Finally, change for the better is officially afoot in the world of private placements. With the world engulfed in the COVID-19 pandemic, this exciting regulatory policy shift comes not only as a much-needed opportunity for the little guy, but could prove to be a significant driver of America’s economic recovery, as well.
On March 4, the SEC proposed sweeping changes to several rules covering private capital raise registration and regulation exemptions, in an effort to “provide a more rational framework, eliminate complexity and increase access to capital while preserving and enhancing important investor protections.”
Historically the go-to mechanism for most larger, institution and high net worth-focused capital raises is either Reg D 506b or 506c. Reg D will see only minor adjustments. The other expected changes will be to Reg A+, where the maximum annual cap raise limit will increase 50%, from $50 million to $75 million and secondary shareholder participation will also increase 50%, from $15 million to $22.5 million.
Big Change
The most extensive proposed changes however lie within the rules governing Regulation Crowdfunding (Reg CF for short). The Reg CF exemption has—until now—been effectively useless for raising capital due to the $1.07mm cap. Frankly, Reg CF was considered a joke that only a small niche of companies ever utilized, tainted as a trivial way to raise capital. Philosophically, Reg CF has been more akin to a Kickstarter or GoFundMe campaign than to a mainstream method to raise growth capital.
With the envisioned Reg CF changes, the private capital universe will experience a positive shockwave for early stage issuers at the Seed and Series A capitalization round levels.
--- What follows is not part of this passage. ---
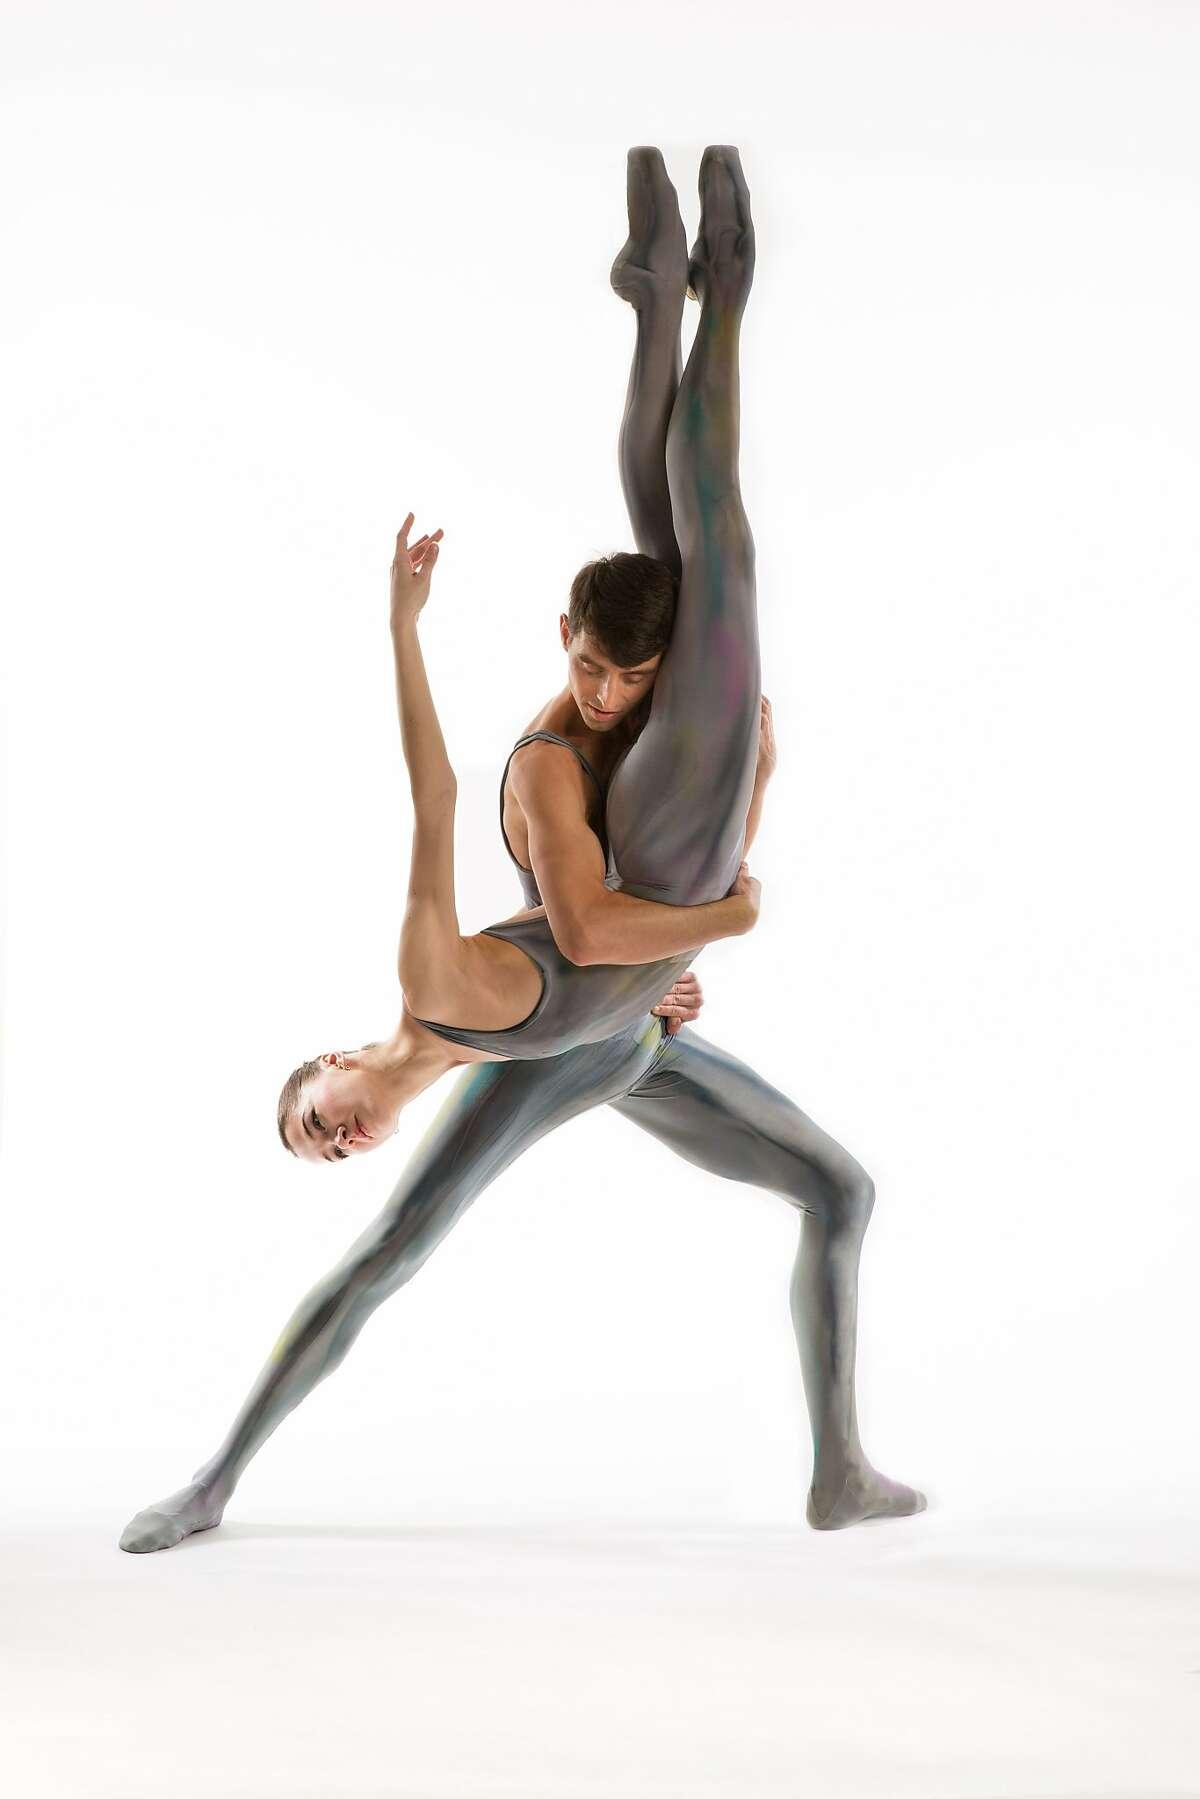 Diablo Ballet's Justin VanWeest and Tetyana Martyanova danced Ben Stevenson's rhapsodic pas de deux
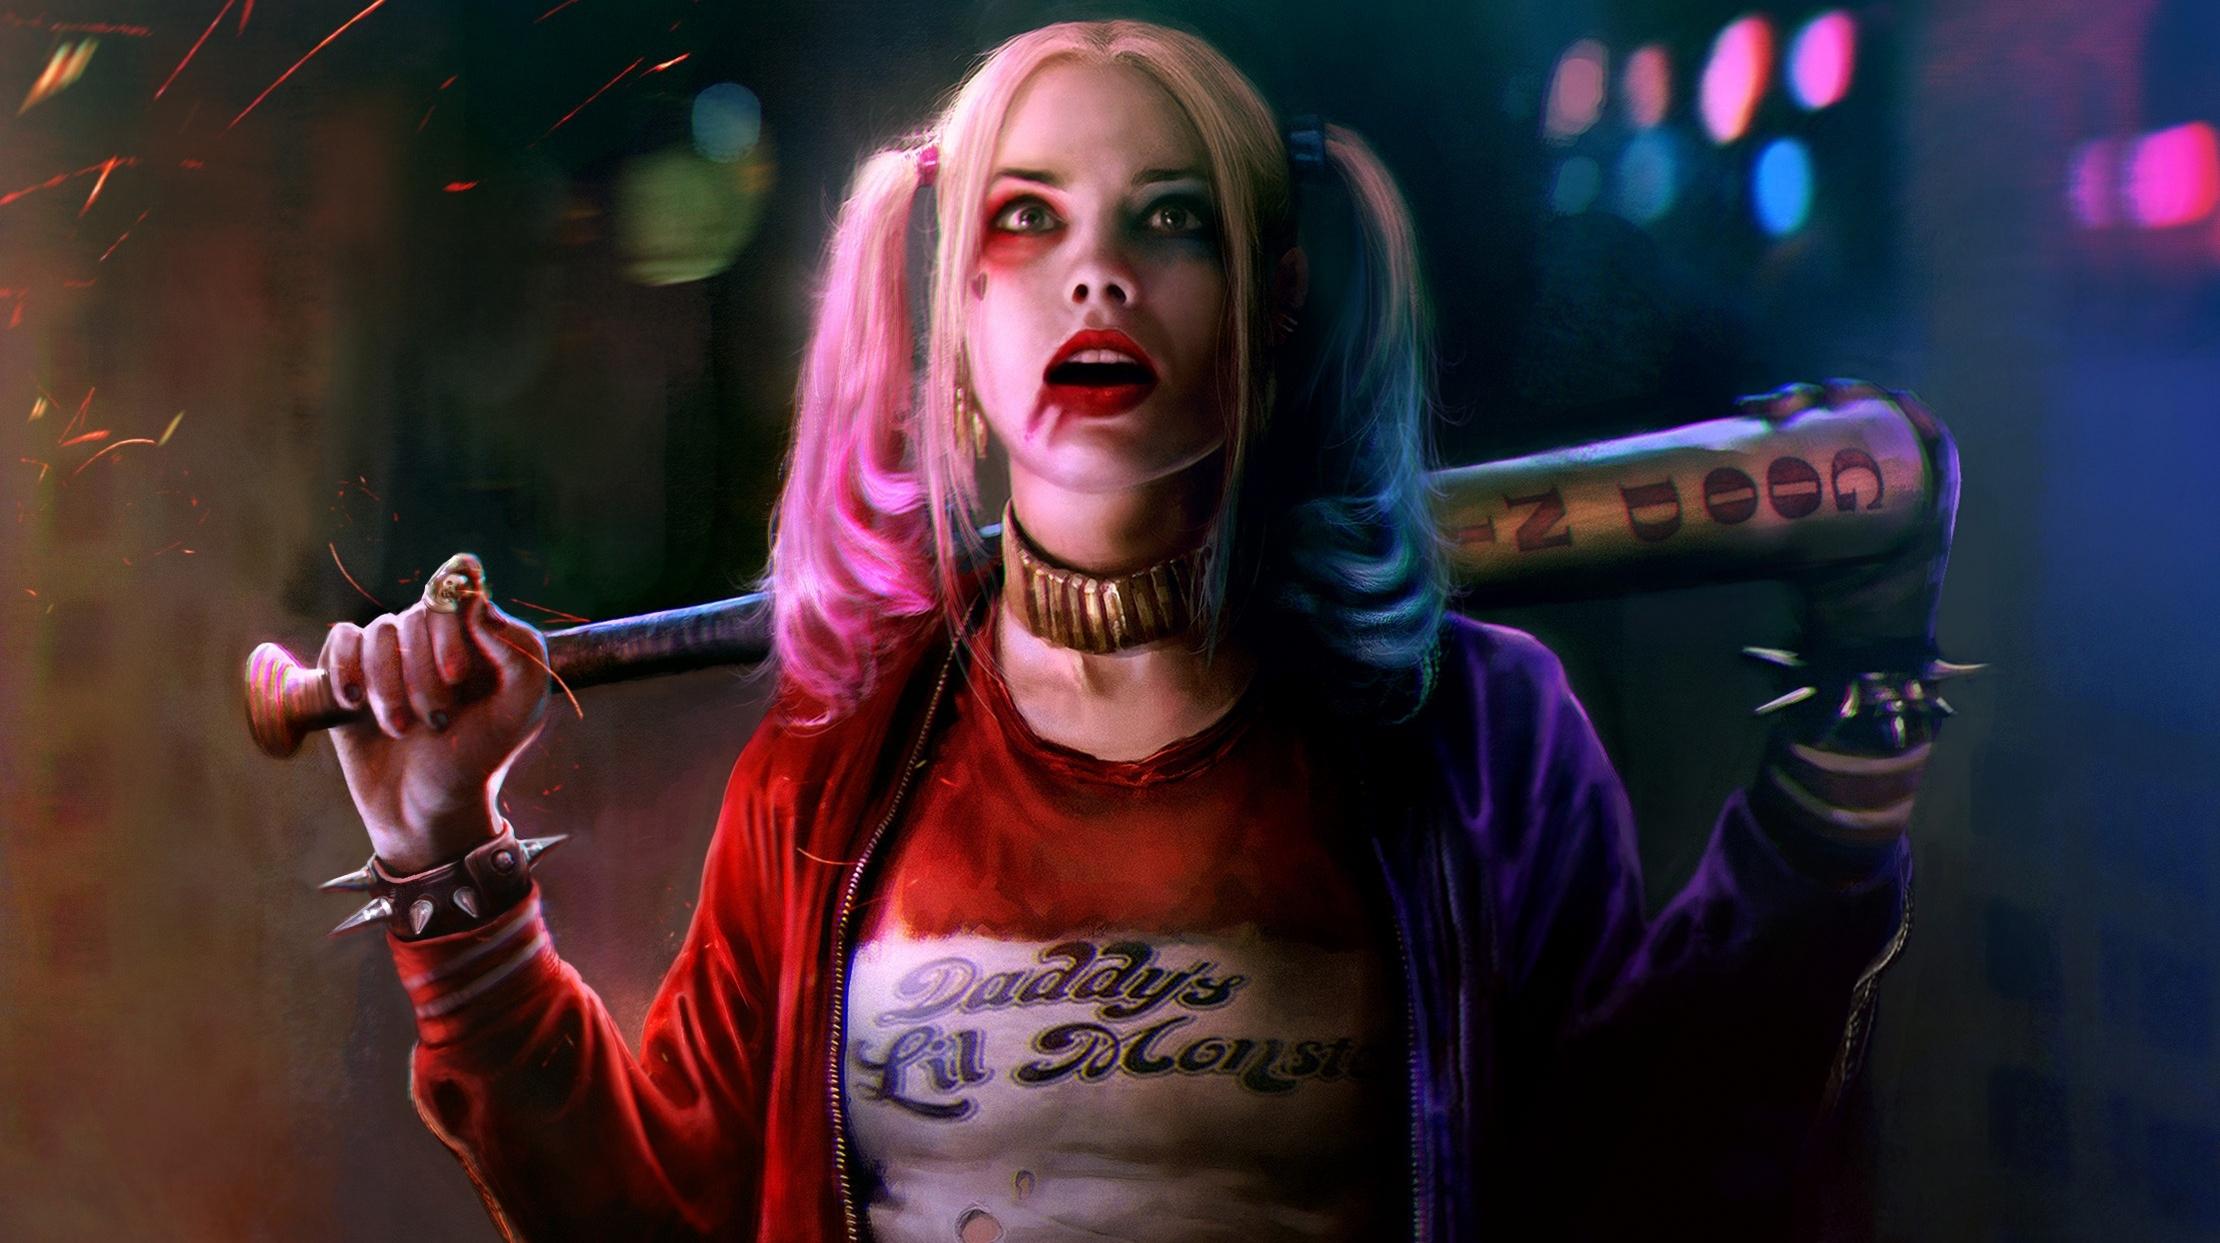 Harley Quinn Widescreen

Democratization of Private Investment
Reg CF is the progeny of the 2012 JOBS Act, with the governing rules not taking effect until four years later in 2016. The act sought to create a mechanism for regular, non-accredited (i.e., for lack of better shorthand, “not wealthy”) investors to participate to a greater degree in private capital markets. Additionally, the SEC recognized the difficulty start-ups and early stage companies had accessing capital markets relative to their larger peers. Reg D offerings are only available to accredited investors and institutions often unwilling to take a chance on unproven companies, and frequently involve significant fundraising costs. Meanwhile, Reg A raises are burdened by onerous filing and disclosure requirements often making that type of offering equally unsuitable.
From these policy interests, Reg CF was born—an exemption featuring both the ability to attract capital from regular, non-accredited investors like a Reg A offering, as well as a fairly streamlined filing process more akin to Reg D, with no SEC review of the offering. Liquidity characteristics of Reg CF are similarly a hybrid between Reg D’s general illiquidity and Reg A’s free tradability, with shares largely locked up for the first year, but subsequently liquid.
Because of the dual perception of the lower degree of sophistication of Reg CF investors, and an associated greater risk of fraud in combining this investor pool with small, comparatively speculative capital raises, the SEC imposed certain limitations on these kinds of deals.
Reg CF raises must either take place on specially registered and regulated “funding portals”, which are in turn mandated to serve in a financial educational capacity for their investor members, or be orchestrated by licensed broker-dealers (some portals are also broker-dealers). Issuers are required to make financial statements available to investors, and to file offering materials with the SEC. Subject to additional limitations and more stringently than either Reg D or Reg A placements, only US-based companies not already registered with the SEC are eligible.
Individuals are limited in regard to the amount of money they can invest in Reg CF offerings each year. Investors can deploy the lesser of 5% of net worth or income each year if either is less than $107,000, or the lesser of 10% if both are equal to or greater than $107,000, capping out at a maximum Reg CF investment ceiling of $107,000 per year. Even accredited investors are subject to this cap, although the ability of issuers to run a concurrent Reg D offering provides a de facto relief valve there. Additionally, investments are cancelable and fully refundable during the bulk of the time the raise is under way, and subsequent material changes to the raise result in automatic refunds to investors unless they reaffirm their commitment.